Best re-release: Les Armees des Ombres (see my earlier blog entry)

Most enjoyable: Volver

Most adventurous direction: Children of Men – lots of holes in the story, but a brave and technically skilful rendition of the UK in 20 years time with good performances.

Most unjustly ignored in the UK: The Host – the best action film I've seen, a mammoth blockbuster in East Asia, its shunning by UK audiences is shaming.

Most over-rated film: Hidden – supposedly the favourite film for discussion around the dinner tables of North London. Certainly a well-made film with good performances and a couple of stunning moments, but I sense an emptiness where it purports to be saying something profound.

Best picture: Pan's Labyrinth. A wholly deserved triumph for Guillermo del Toro – perhaps someone will now re-release The Devil's Backbone on 35mm, since it disappeared soon after its first outing.

2007 has started well and A Prairie Home Companion was hugely enjoyable and a fitting send-off for Robert Altman.


Wednesday, January 03, 2007

Something worth watching on television?


I've almost given up on mainstream television. Apart from Match of the Day there isn't much that I'll try hard to watch. The last show that I really looked forward to was Victoria Wood's adaptation of Nella Last's wartime diaries (which didn't disappoint). I did enjoy Helen Mirren in Prime Suspect and I'm looking forward to the second series of Life on Mars, but I'm most interested in the start of Ugly Betty on Channel 4 on Friday.

Ugly Betty has been one of the few new shows to make an impact on ABC in the US in Autumn 2006. It's the first American attempt to create a telenovela. The telenovela is a uniquely Latin American televisual form that has successfully sold around the world (except, so far, in the UK). I've not watched one beyond a few minutes, but I've been aware of their fascination for audiences in countries I've visited. Pitched midway between a serial (i.e. a literary adaptation spread over several episodes) and a continuous serial (i.e. a soap), telenovelas typically run for a couple of years but then the narrative reaches a conclusion. Ugly Betty is based on a Columbian telenovela, Yo soy Betty, la fea, which ran from 1999-2001 with 169 episodes. Fantastically popular in Latin America, the show was remade in Mexico and then by Disney (Touchstone). The US version is listed as 60 mins per episode (less the ad breaks), but IMDB lists both 30 mins and 45 mins for the running time in Mexico. It's a Cinderella story about the 'plain' girl who goes to work for a fashion magazine. Channel 4 is advertising it as a comedy, but I suspect it is much more. It has (in the UK) been discussed in terms of the recent hit film The Devil Wears Prada, but of course its story predates the film.

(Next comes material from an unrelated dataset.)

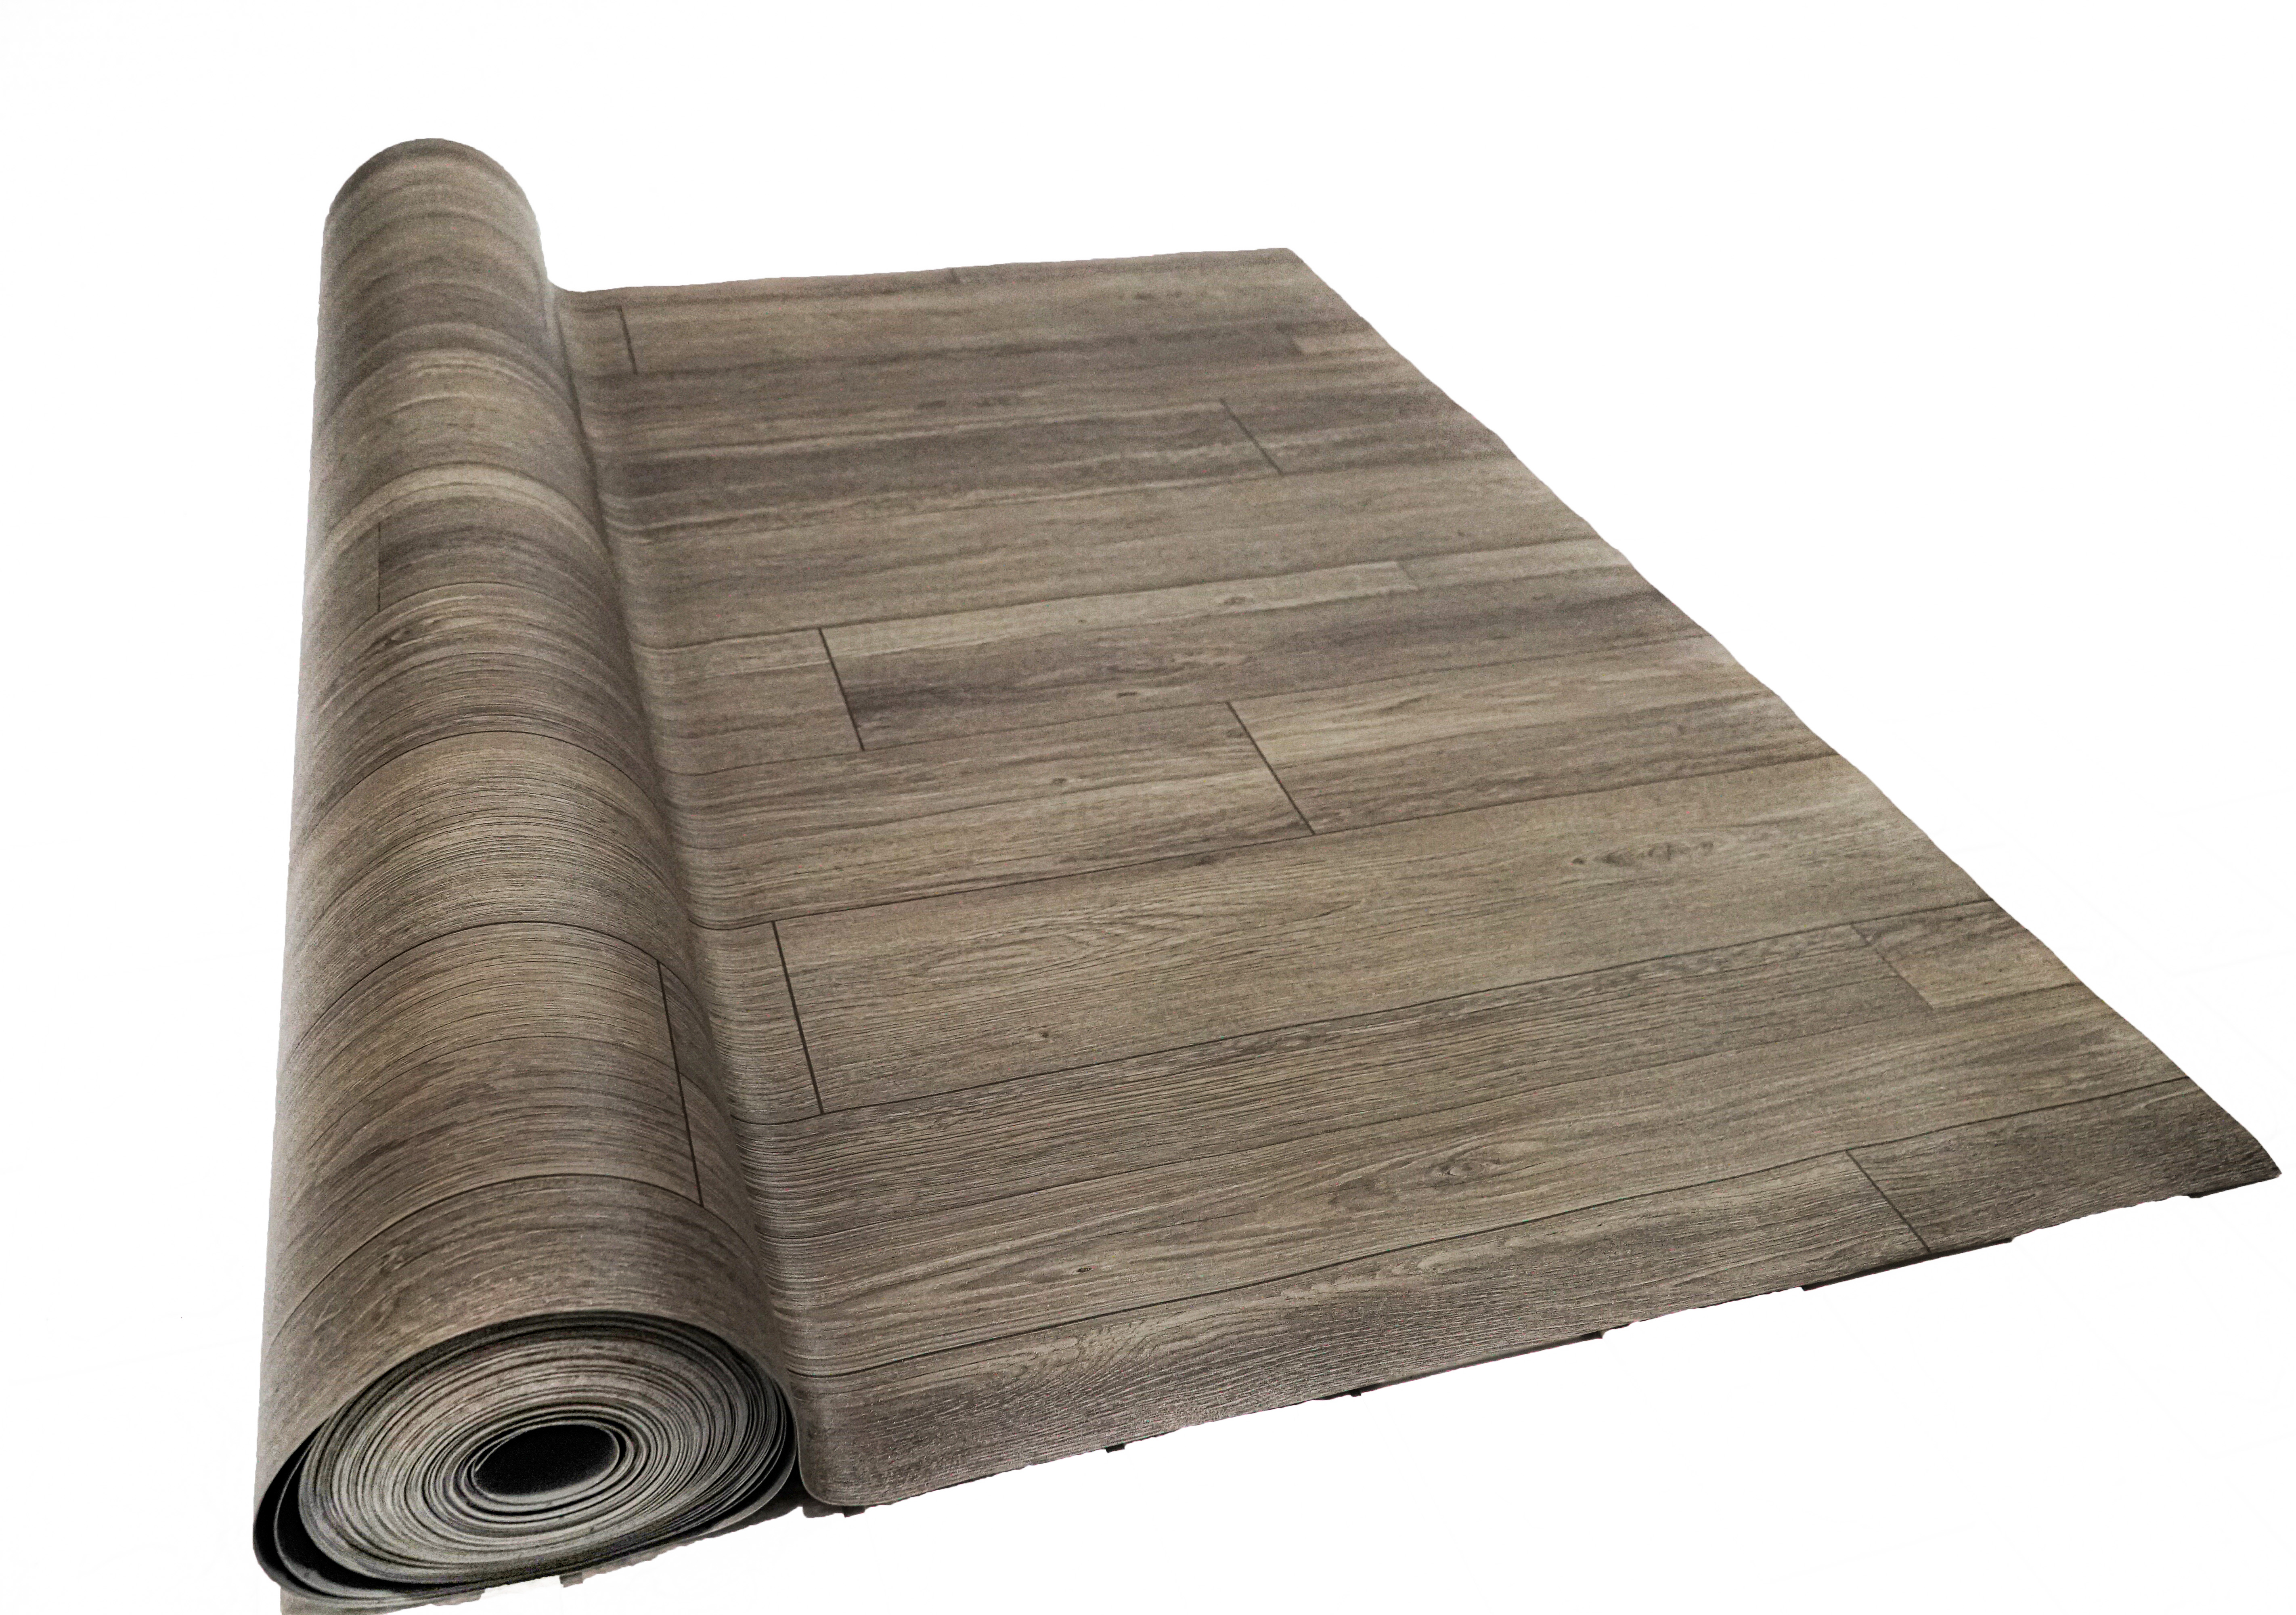 Thảm nhựa simili trải sàn vân gỗ màu xám siêu bền, chống tuyệt đối nước

Betty is played by America Ferrera, who began her career as the lead in Real Women Have Curves, an HBO film that won awards at Sundance in 2002 and launched America's career as one of the new young Latina stars in the US. I've enjoyed using Real Women with students and that's partly why I'm looking forward to the telenovela. The Mexican star Salma Hayek, who has been used (and misused?) by Hollywood appears in the first few episodes of Ugly Betty (at first as an actor in the telenovela that the Suarez family watches at home) and as an executive producer she was instrumental in the casting of America Ferrera (see the abc website for a video chatshow segment of Hayek and Ferrera). There seem to be other Hispanic-Americans also involved in the show and I'm intrigued to see how far Hollywood will go in embracing Hispanic culture for mainstream television. Hayek makes the point about the melodrama of the telenovelas -- can't wait.

I hope the show is a hit in the UK and draws a different demographic mix to Channel 4. The Wikipedia entries on the show are very detailed and useful for any classroom work.